On the day that five foreign oil companies get their grubby hands on contracts to help develop Iraq’s oil, the NYT reveals that a small State Department team played an integral part in drawing up the contracts. The American government lawyers and private-sector consultants provided template contracts and detailed suggestions on drafting the contracts.
The disclosure is the first confirmation of direct involvement by the Bush administration in the Iraqi oil deals. It is, in the words of the Times, “likely to stoke criticism.” “We pretend it is not a centerpiece of our motivation, yet we keep confirming that it is,” Frederick D. Barton, a senior adviser at the Center for Strategic and International Studies told the Times. “And we undermine our own veracity by citing issues like sovereignty, when we have our hands right in the middle of it.”

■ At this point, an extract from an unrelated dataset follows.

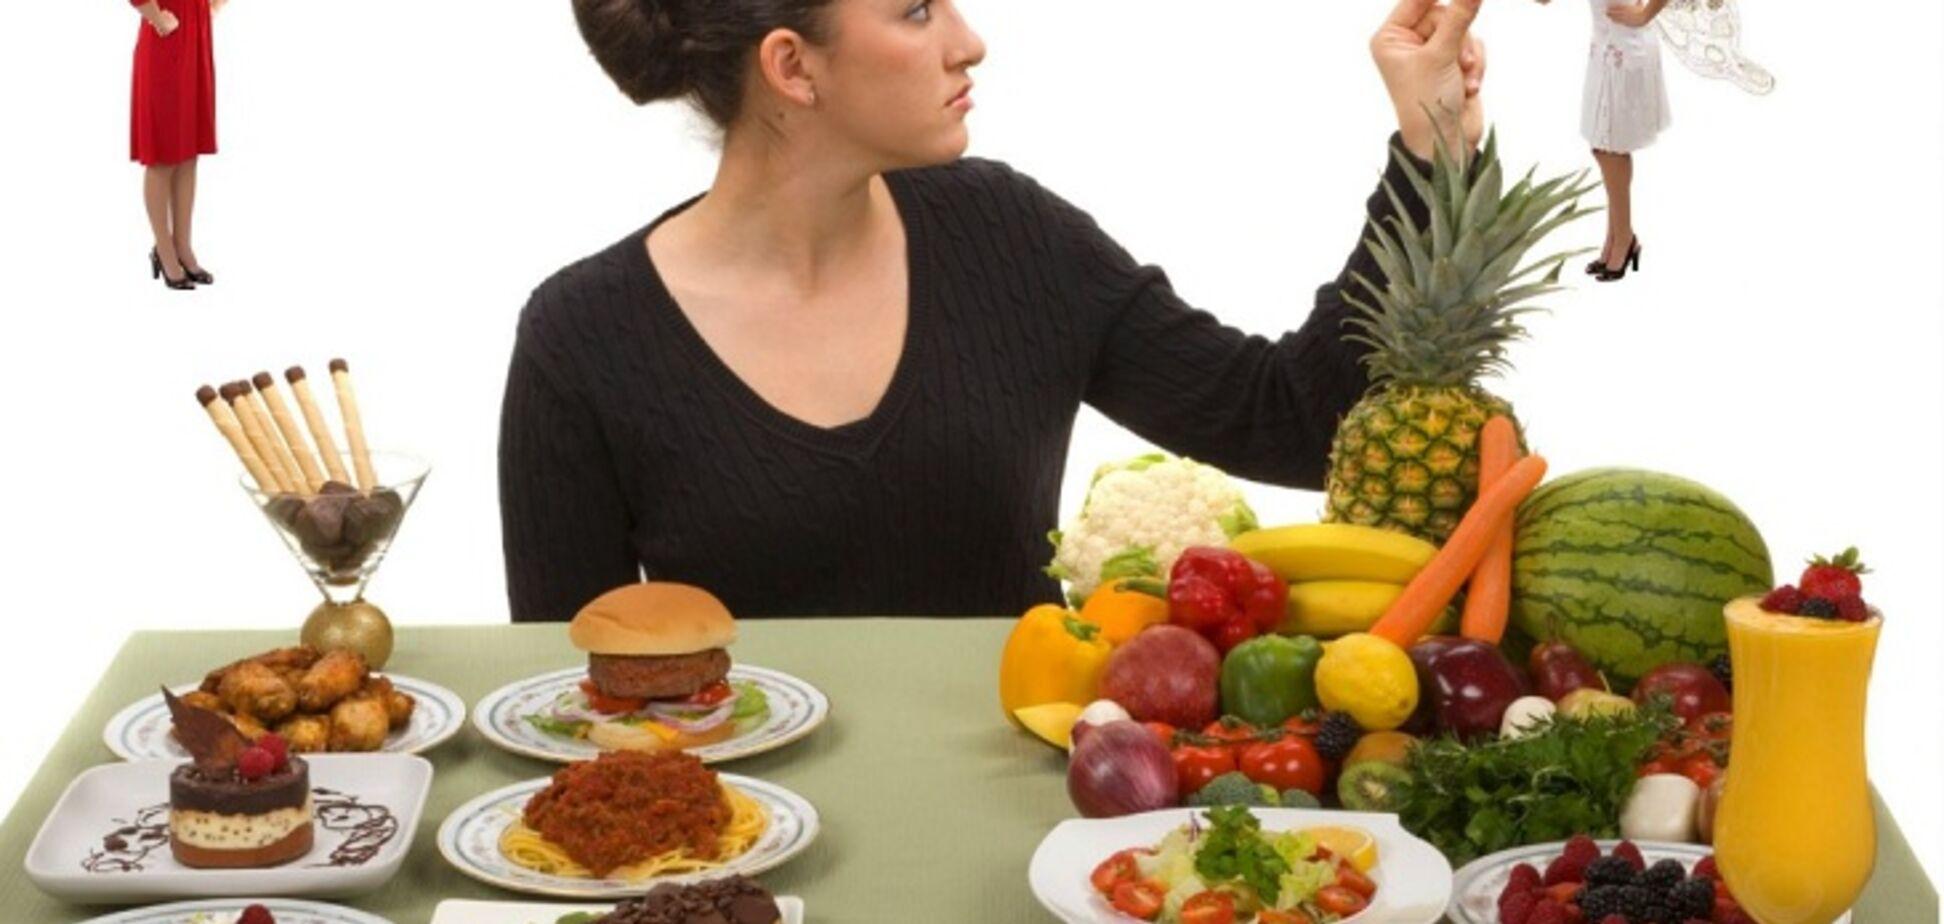 Чи потрібна сила волі для схуднення: генетик розповів, де її взяти

Another leading critic of the Iraqi oil industry Greg Muttitt, from Platform in London, says that “even the most vehement opponents of oil privatisation do not object to such “technical service contracts” (TSCs): they are a normal model of business, where a company acts as contractor, providing a service to its client, a government or national oil company, for an agreed price.”
But peel beneath the surface, he argues “and the contracts start to look very strange. For a start, the deals are with the wrong companies. The companies which usually carry out TSCs are specialist service providers, like Schlumberger, Saipem or Baker Hughes. They are often hired in for geological, construction or drilling expertise, or to install a piece of technology.”
“In no other country are the likes of BP or ExxonMobil carrying out such TSCs”, says Muttitt. But then in no other country is the prize so big. Or been waited for, for so long. .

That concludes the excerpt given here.